Splunk Enterprise 6.2 puts powerful analytics in the hands of even more users. New features in Splunk Enterprise 6.2 include:
- Easier Data Onboarding: New intuitive wizard makes it easier to onboard any machine data. New interface guides users through previewing, onboarding and preparation of machine data for downstream analysis.
- Instant Pivot: Pivot directly on any machine data, enabling powerful analysis and rapid creation of dashboards without advanced knowledge of Splunk Search Processing Language.
- Enhanced Event Pattern Detection: Speeds analysis by automatically grouping similar events to discover meaningful patterns in the underlying machine data.
- Search Head Clustering: Reduce total cost of ownership by increasing concurrent user capacity and eliminating shared storage requirements.
Hunk 6.2 extends the power of exploratory analytics and enables all professionals to easily unlock the business value of data in Hadoop and NoSQL data stores. New features in Hunk 6.2 include:
- Amazon EMR Console 1-Click Purchase: For the first time ever, leverage automatically configured Hunk instances provisioned by AWS, priced hourly, for data in Amazon EMR.
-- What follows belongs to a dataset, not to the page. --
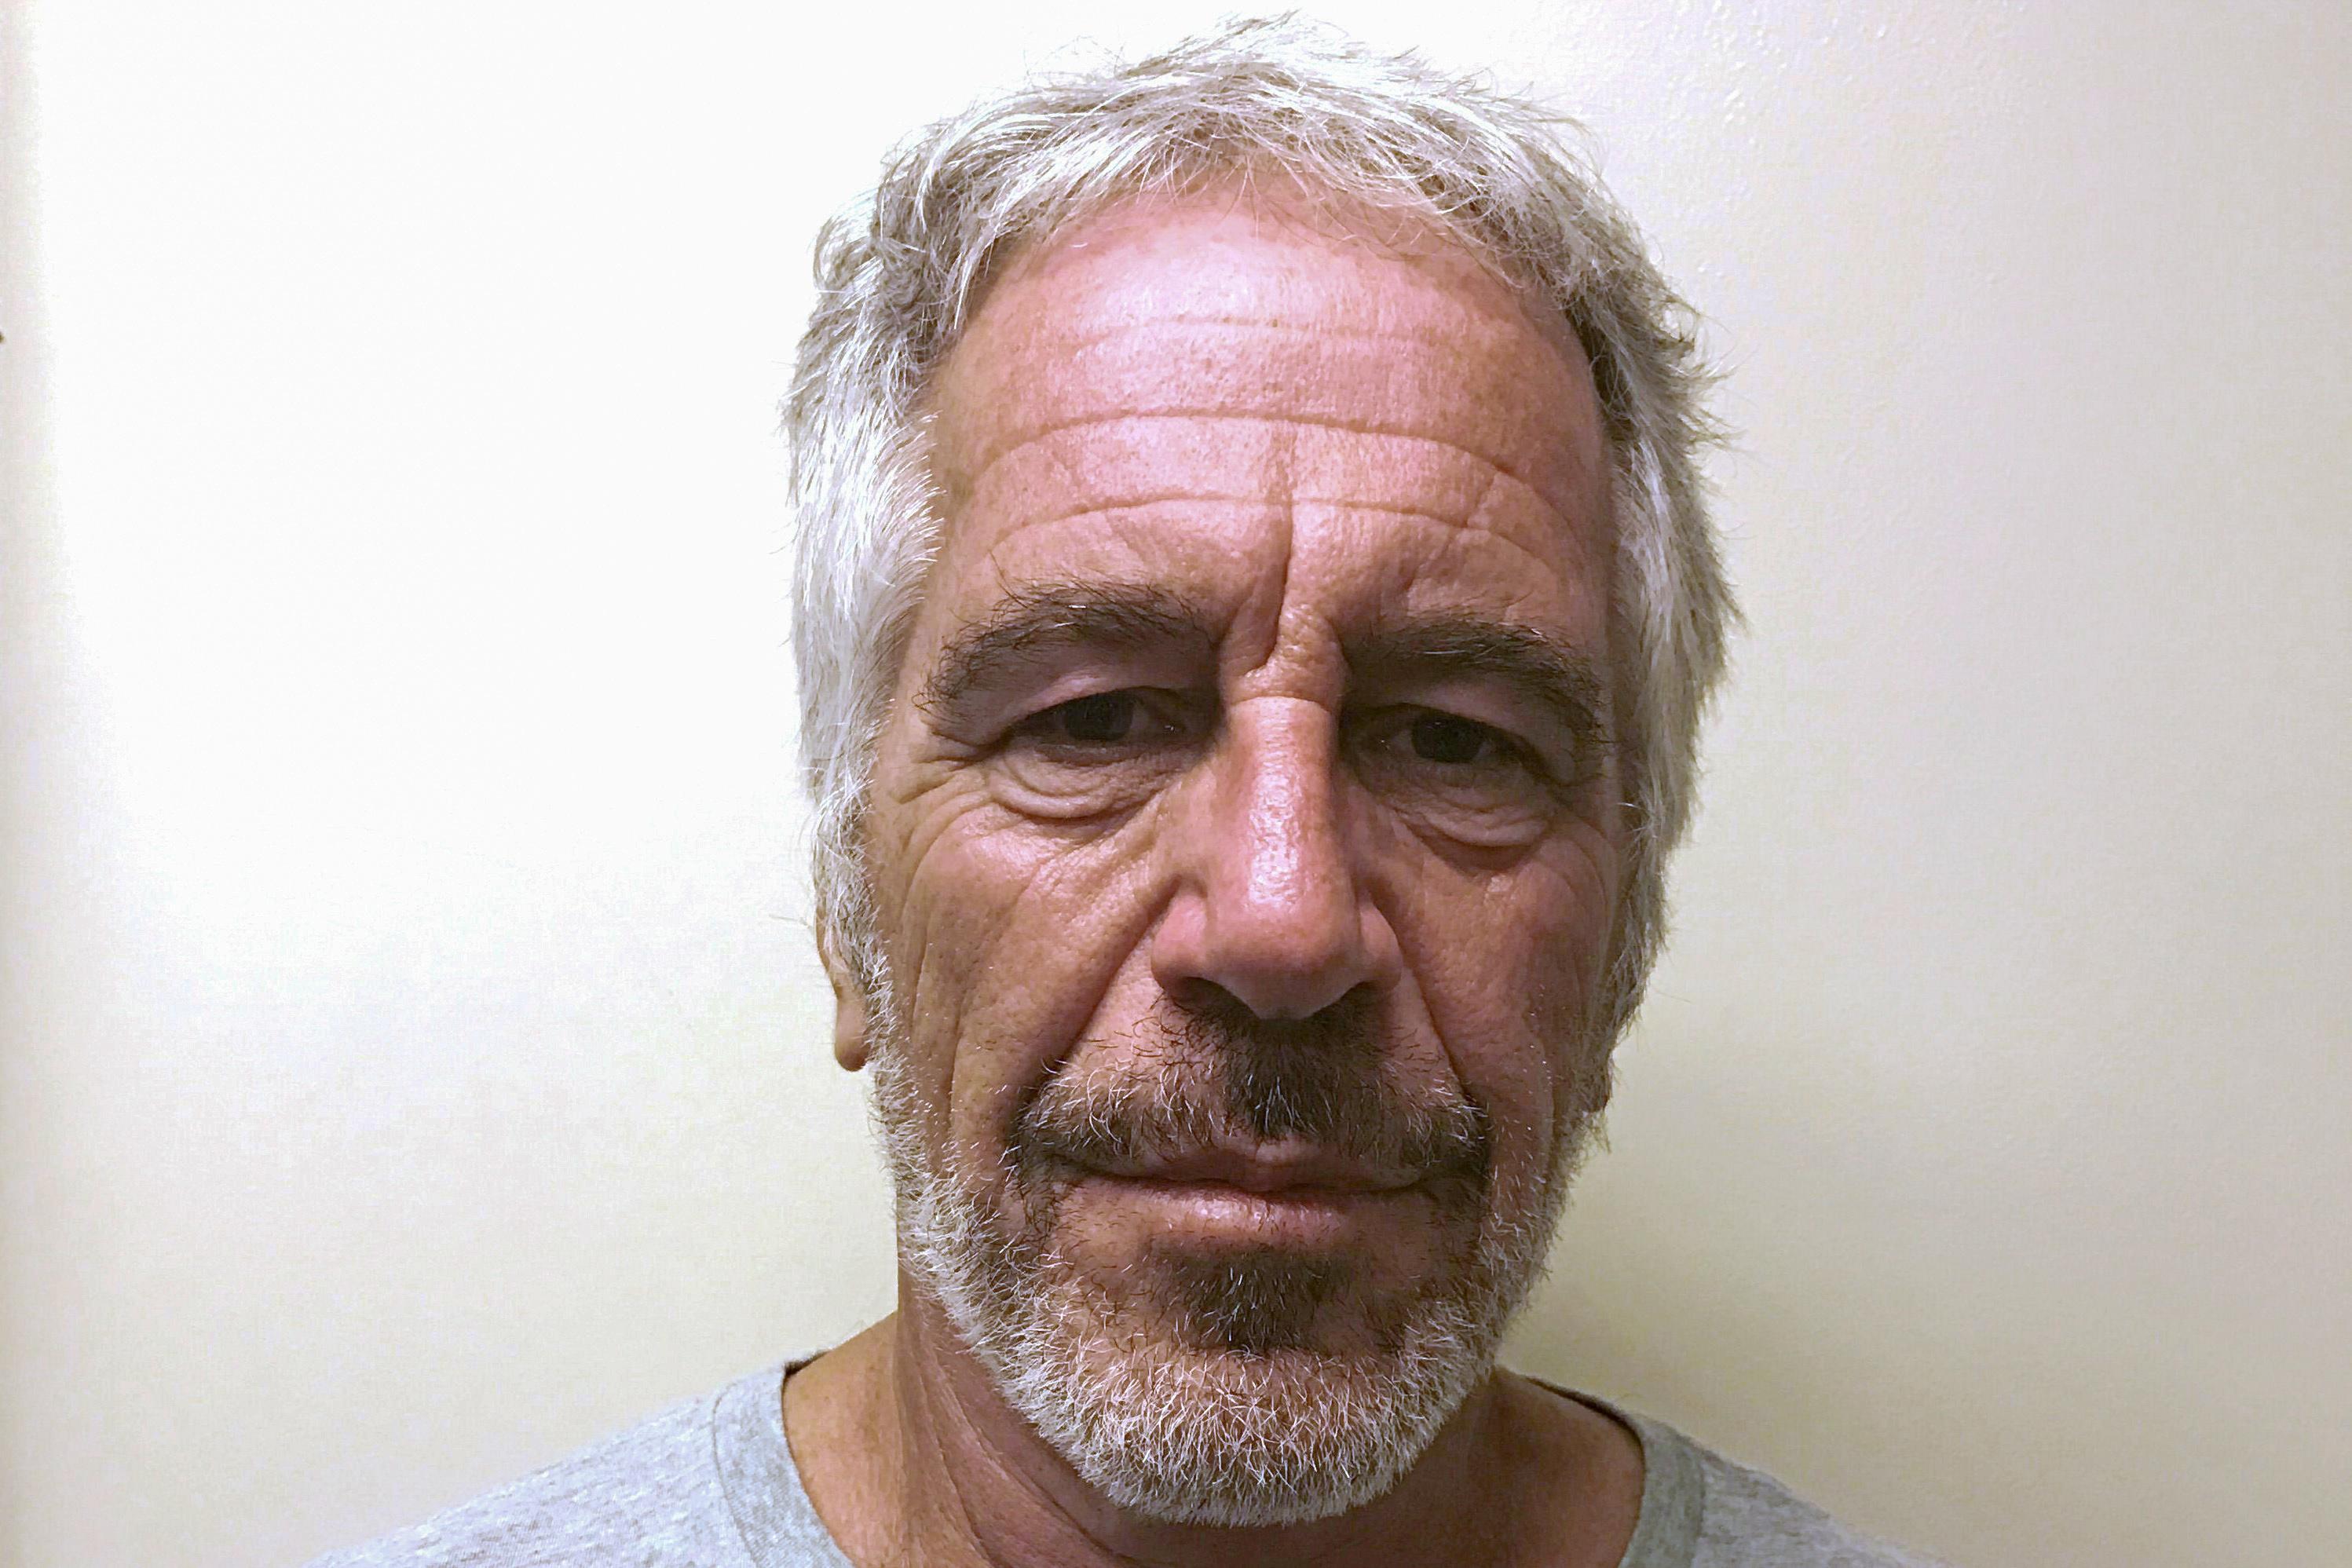 Three more women sue Epstein's estate over alleged abuse
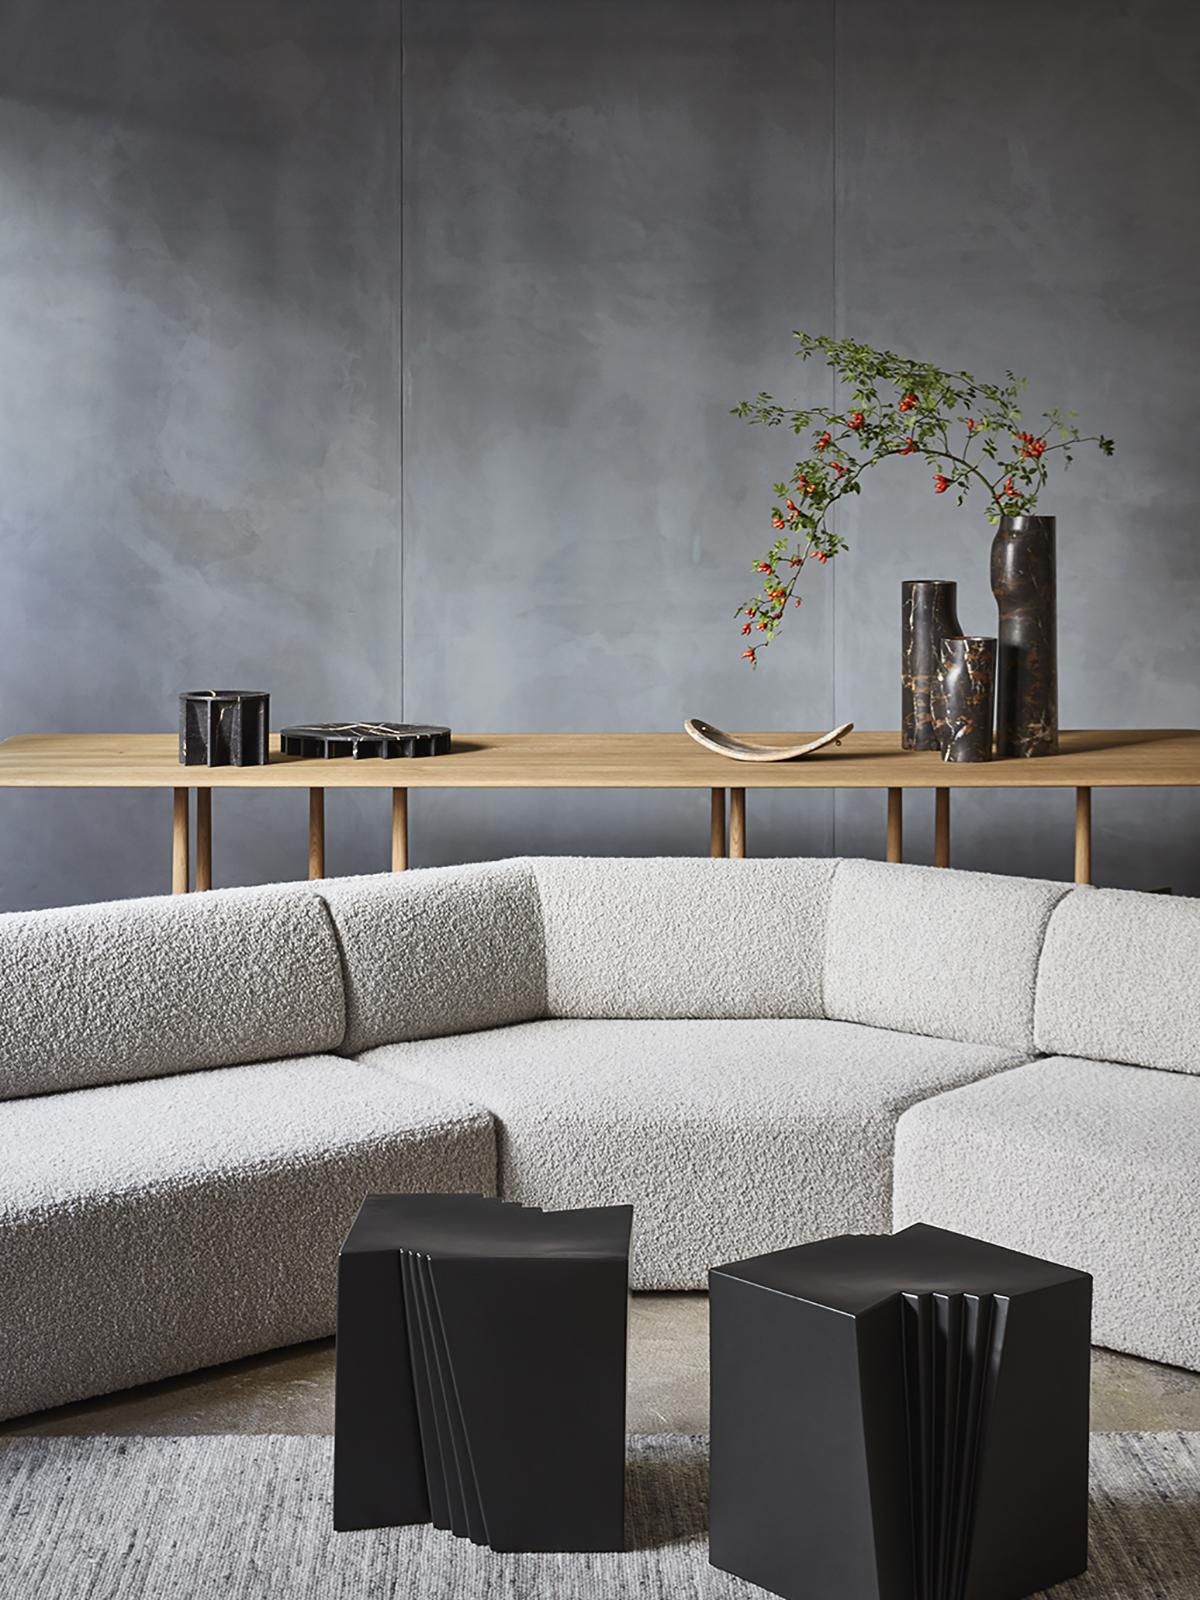 Declourt Collection - EKO sofa - SIN side table - TYE table

- Hunk Sandbox: Rapidly learn Hunk interactive search and analytics in a single download that runs on the leading operating systems, without having to set up a Hadoop cluster.
- Hunk Apps: Search, analyze and visualize data in NoSQL and other data stores through prepackaged connections, including the Hunk App for MongoDB and Sqrrl App for Hunk (Apache Accumulo). Gain insight into the health of your AWS Elastic Load Balancing services with the Hunk App for AWS Elastic Load Balancing.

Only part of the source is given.